Seven people have died from influenza this season.
A report released by the Health Protection Surveillance Centre outlines that those who died were aged 60 years of older; five had influenza A(H3), one with influenza A (not subtyped) and one with influenza B.
Influenza A(H3) is the predominant influenza virus circulating this year.
Influenza outbreaks and hospitalisations are currently at high levels and are continuing to increase, mainly affecting those over 65 years of age.
This follows Donegal GP Dr James McDaid’s warning about the flu virus and advised that schools should remain closed after the Christmas break to prevent the outbreak of an epidemic.
A report issued by the HPSC also report that the proportion of influenza-related calls to GP out-of hours services increased during the last two weeks of 2016; reaching the highest level reported since the 2010/11 season.
The majority of influenza and ARI (acute respiratory infection) outbreaks to date were in residential care facilities or community hospitals, mainly affecting those aged 65 years and older.
The H.S.E. advise people that it is not too late to get vaccinated as the virus is thought to circulate until mid February.
A spokesperson for the H.S.E. says; “The influenza vaccine is available free of charge from GPs for all people in at risk groups, and from pharmacists for everyone in risk groups aged 18 years and over. An administration charge may apply to people who don’t hold medical cards or GP visit cards.
“Vaccination remains the most effective means of preventing infection by seasonal influenza viruses and can reduce severe disease that can lead to hospitalisation and death.

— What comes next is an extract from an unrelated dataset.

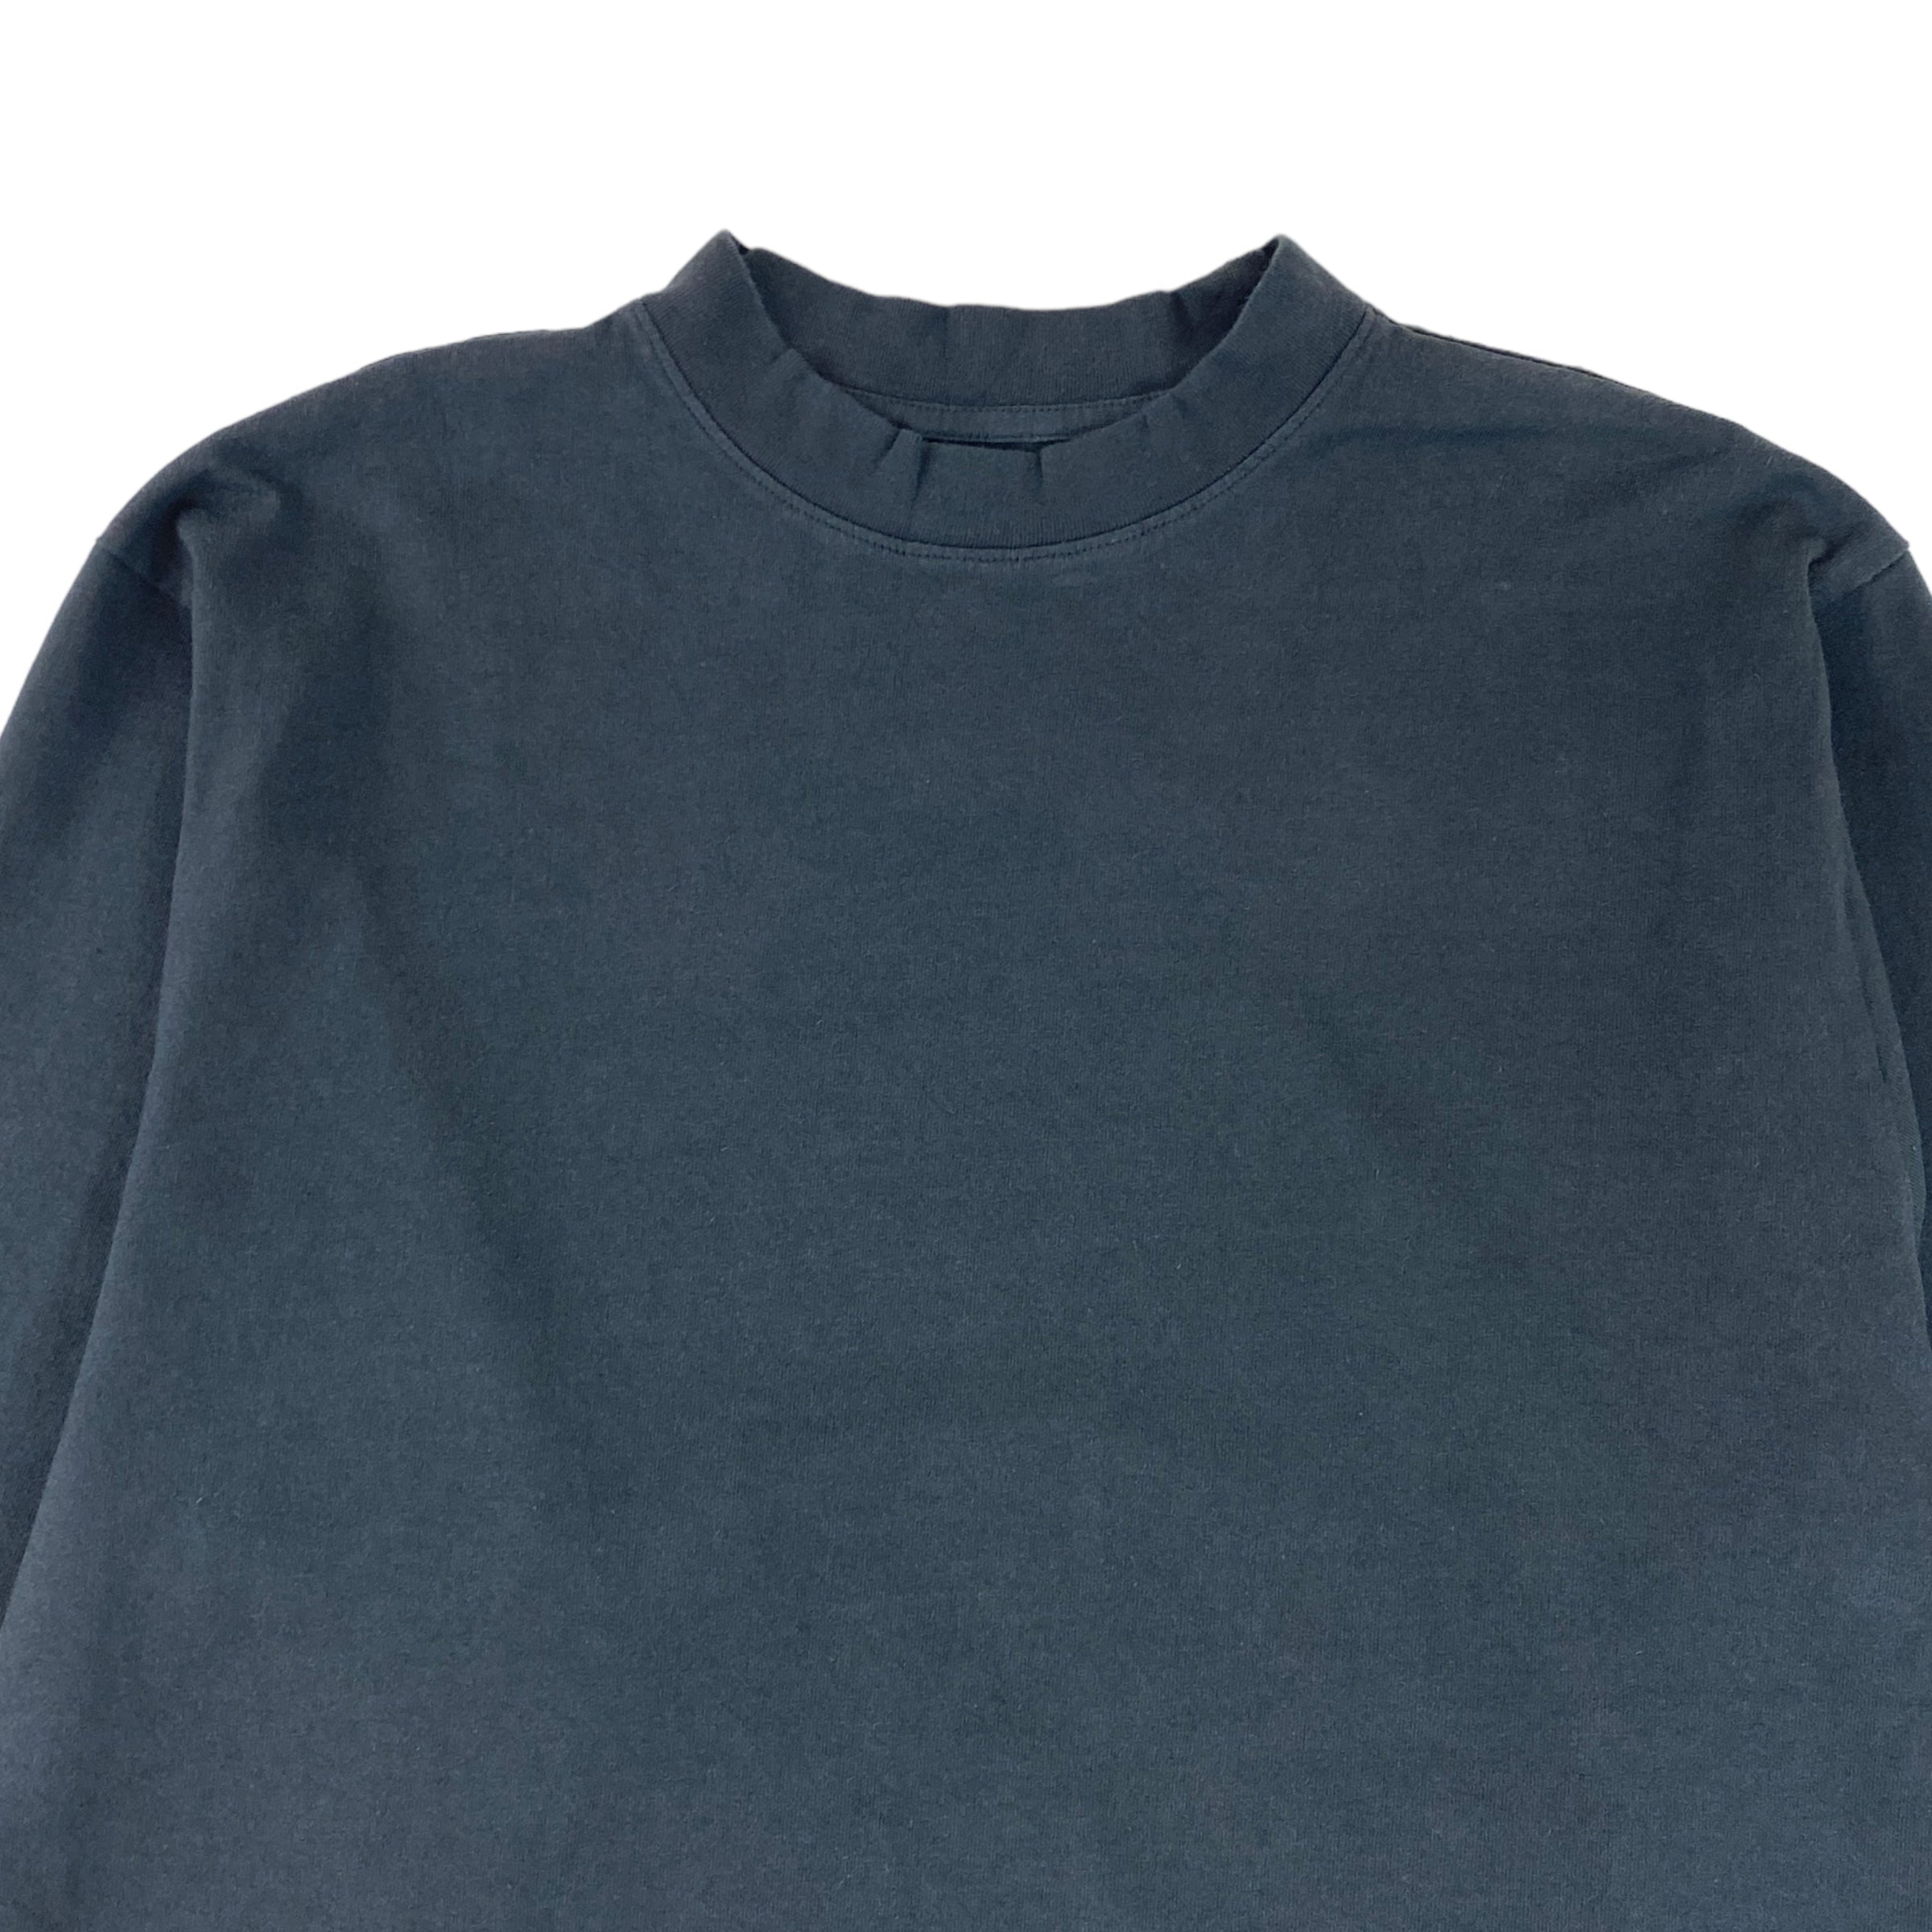 Yeezy x Gap Black Unreleased Longsleeve Shirt - Black Shirt

“Anyone who gets flu should stay at home, rest, drink plenty of fluids and use over-the-counter remedies like paracetamol to ease symptoms.

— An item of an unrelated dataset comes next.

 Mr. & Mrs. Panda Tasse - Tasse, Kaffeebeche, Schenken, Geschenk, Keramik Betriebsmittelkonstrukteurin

“Advice, tips, information and videos on getting over flu and other common illnesses are available at a new HSE website, www.undertheweather.ie. Anyone in one of the high-risk categories should contact their GP if they develop influenza symptoms. GPs may wish to prescribe antivirals for those presenting with influenza in the high risk groups.
“Covering your nose and mouth with a tissue when you cough and sneeze (catch it), disposing of the tissue as soon as possible (bin it) and cleaning your hands as soon as you can (kill it) are important measures in helping prevent the spread of germs and reducing the risk of transmission.
Those within the at-risk categories are;
>All those aged 65 years and older
>People including children with chronic illness requiring regular medical follow-up such as chronic lung disease, chronic heart disease, chronic neurological disorders, neurodevelopmental disorders and diabetes
>Those with lower immunity due to disease or treatment
>All pregnant women. The vaccine can be given at any stage of pregnancy.
>Those with morbid obesity i.e. Body Mass Index ≥ 40
>Residents of nursing homes, old people’s homes and other long stay facilities
>Health care workers and carers of those in at-risk groups.